The new study comes from the Memorial Sloan Kettering Cancer Center, where researchers found that viral and bacterial infections, the immune system, neuroinflammation, and the build-up of plaques leading to Alzheimer’s disease may all be linked. According to the institute, this study represents a ‘direct link’ between the build-up of these plaques and the body’s immune response to such infections.
This study has linked the IFITM3 protein, which is triggered by the activation of the immune system in response to infections, to the accumulation of beta-amyloid plaques in the brain. These plaques have been strongly linked with Alzheimer’s disease in past research, though work is still underway to fully understand them, what triggers the accumulation, and the overall role they play in this type of dementia.
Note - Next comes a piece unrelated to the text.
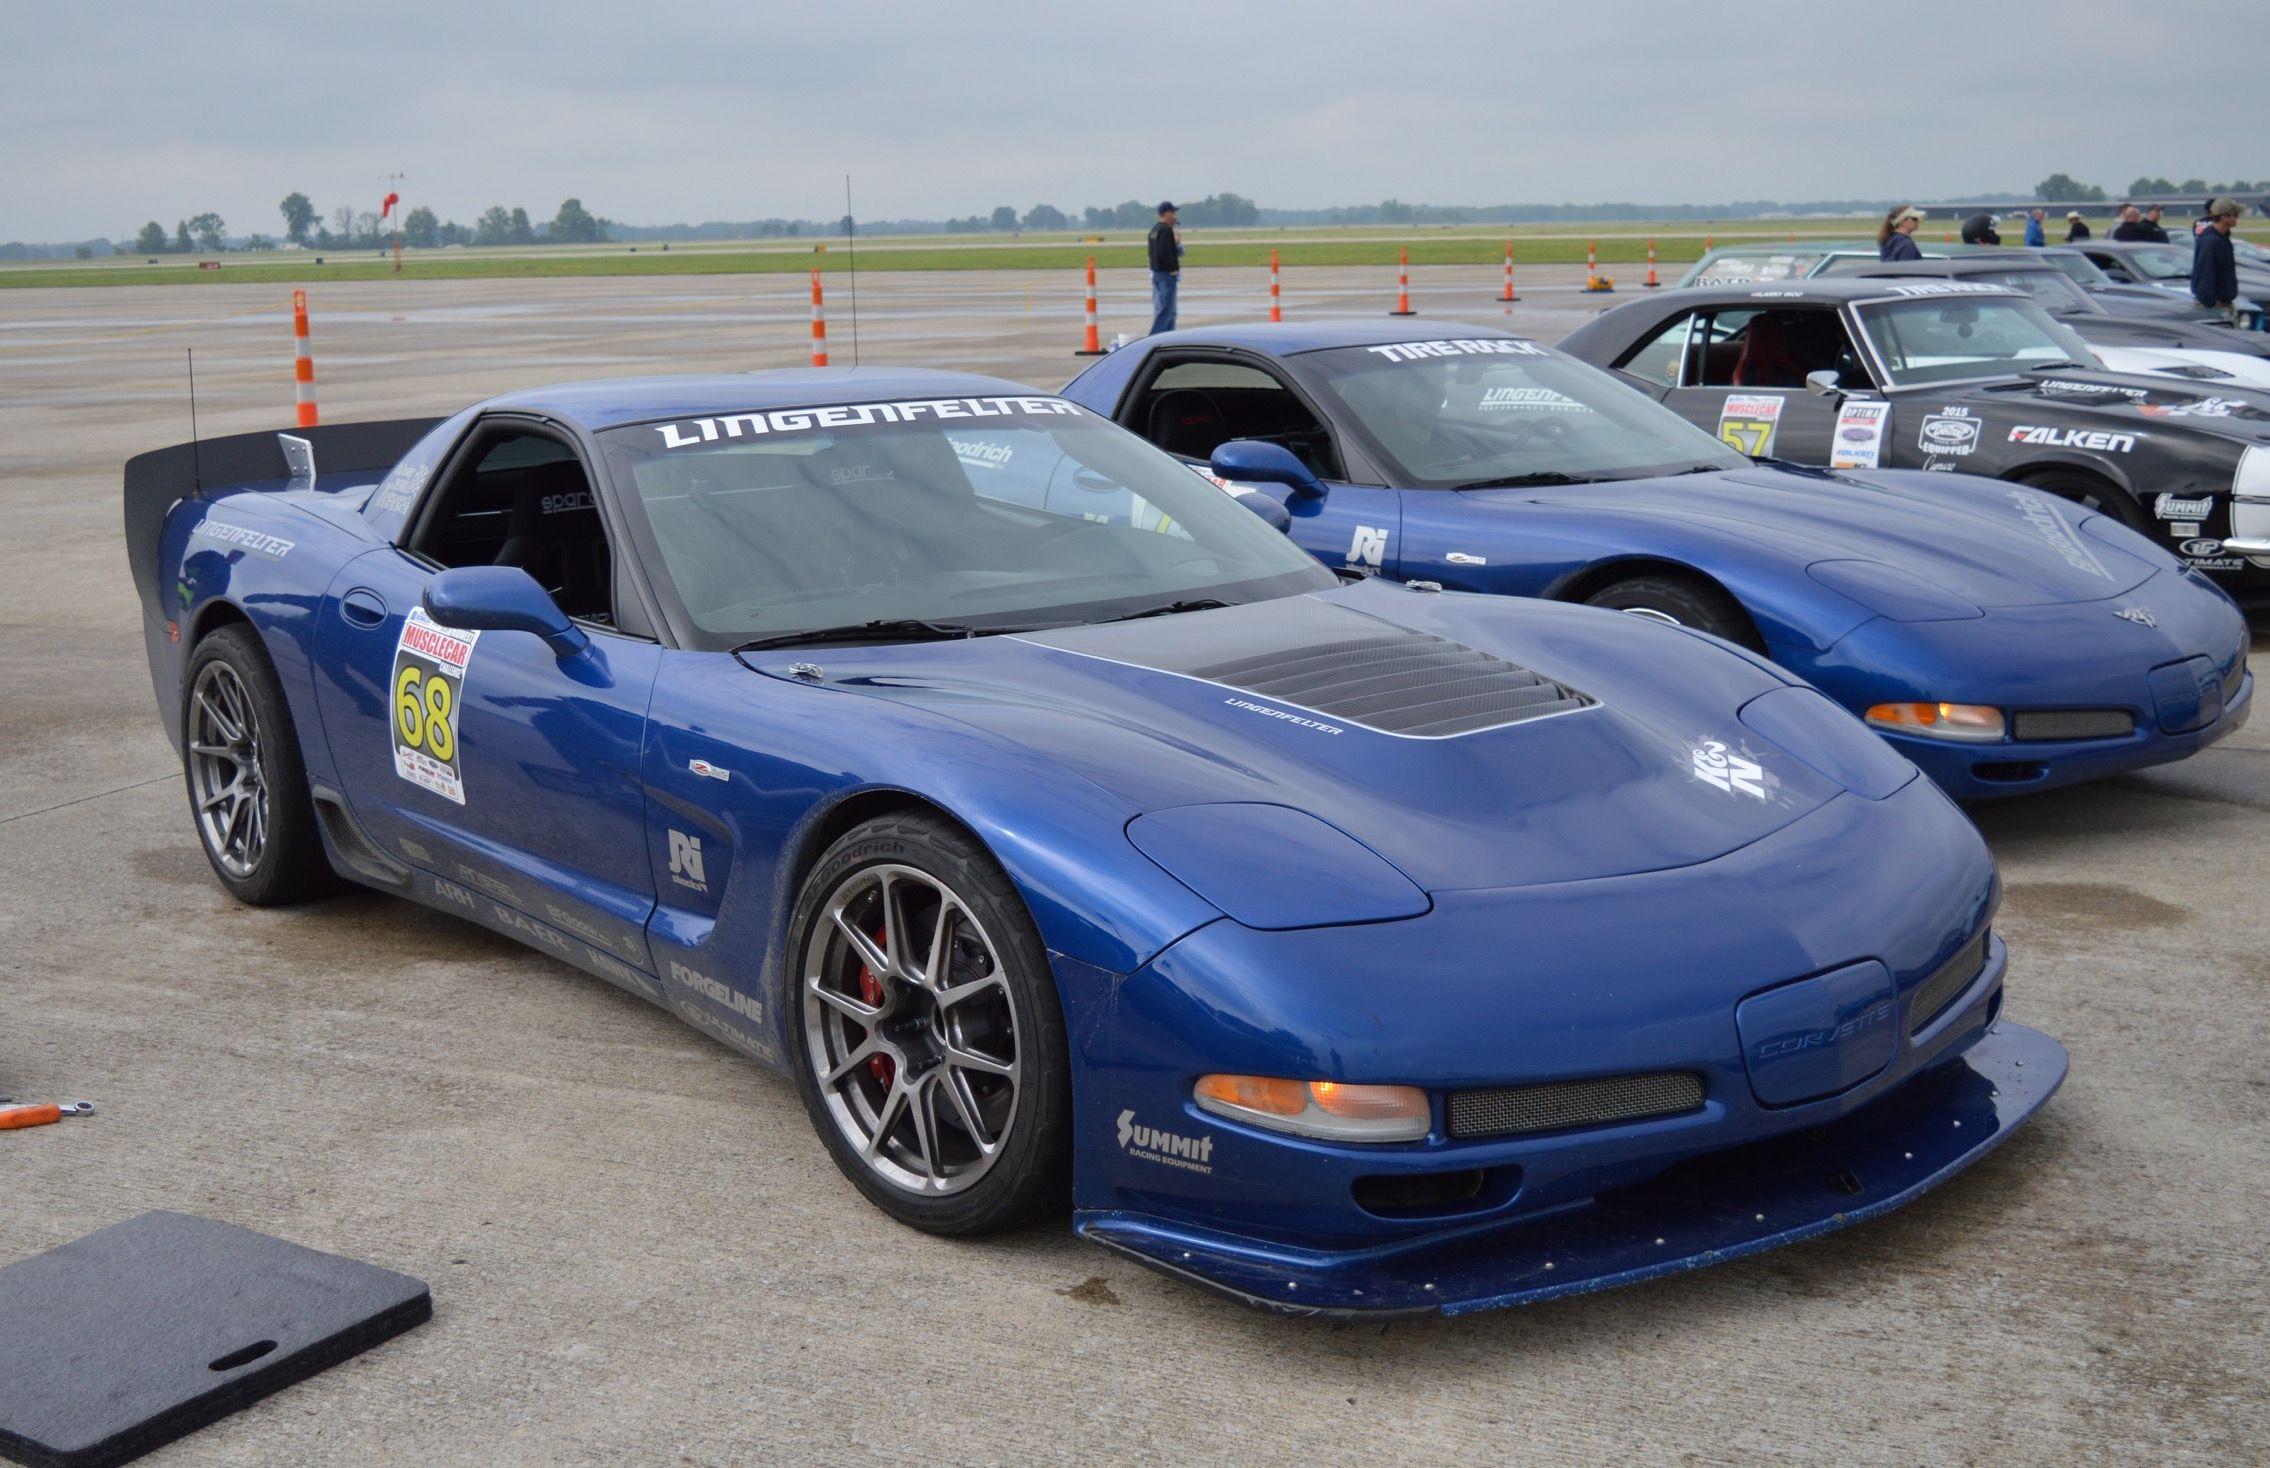 Danny Popp S Raft Motorsports C5 Corvette Z06 Is A Feared Legend It S Powered By A Lingenfelter Ls7 And Rides On Corvette Race Car Corvette Chevrolet Corvette

This most recent study involved mice, which were found to have increasing levels of the IFITM3 protein and inflammation markers as they got older. Likewise, a particular subset of patients suffering from late-onset Alzheimer’s disease was found to have increased levels of IFITM3, indicating that this may be a biomarker for the condition. In mice, the study found that removing IFITM3 decreased the activity of an enzyme and ultimately decreased the build-up on Alzheimer’s-linked plaques in the brain.
Sloan Kettering Institute chemical biologist Yue-Ming Li said:
We’ve known that the immune system plays a role in Alzheimer’s disease — for example, it helps to clean up beta-amyloid plaques in the brain. But this is the first direct evidence that immune response contributes to the production of beta-amyloid plaques — the defining feature of Alzheimer’s disease.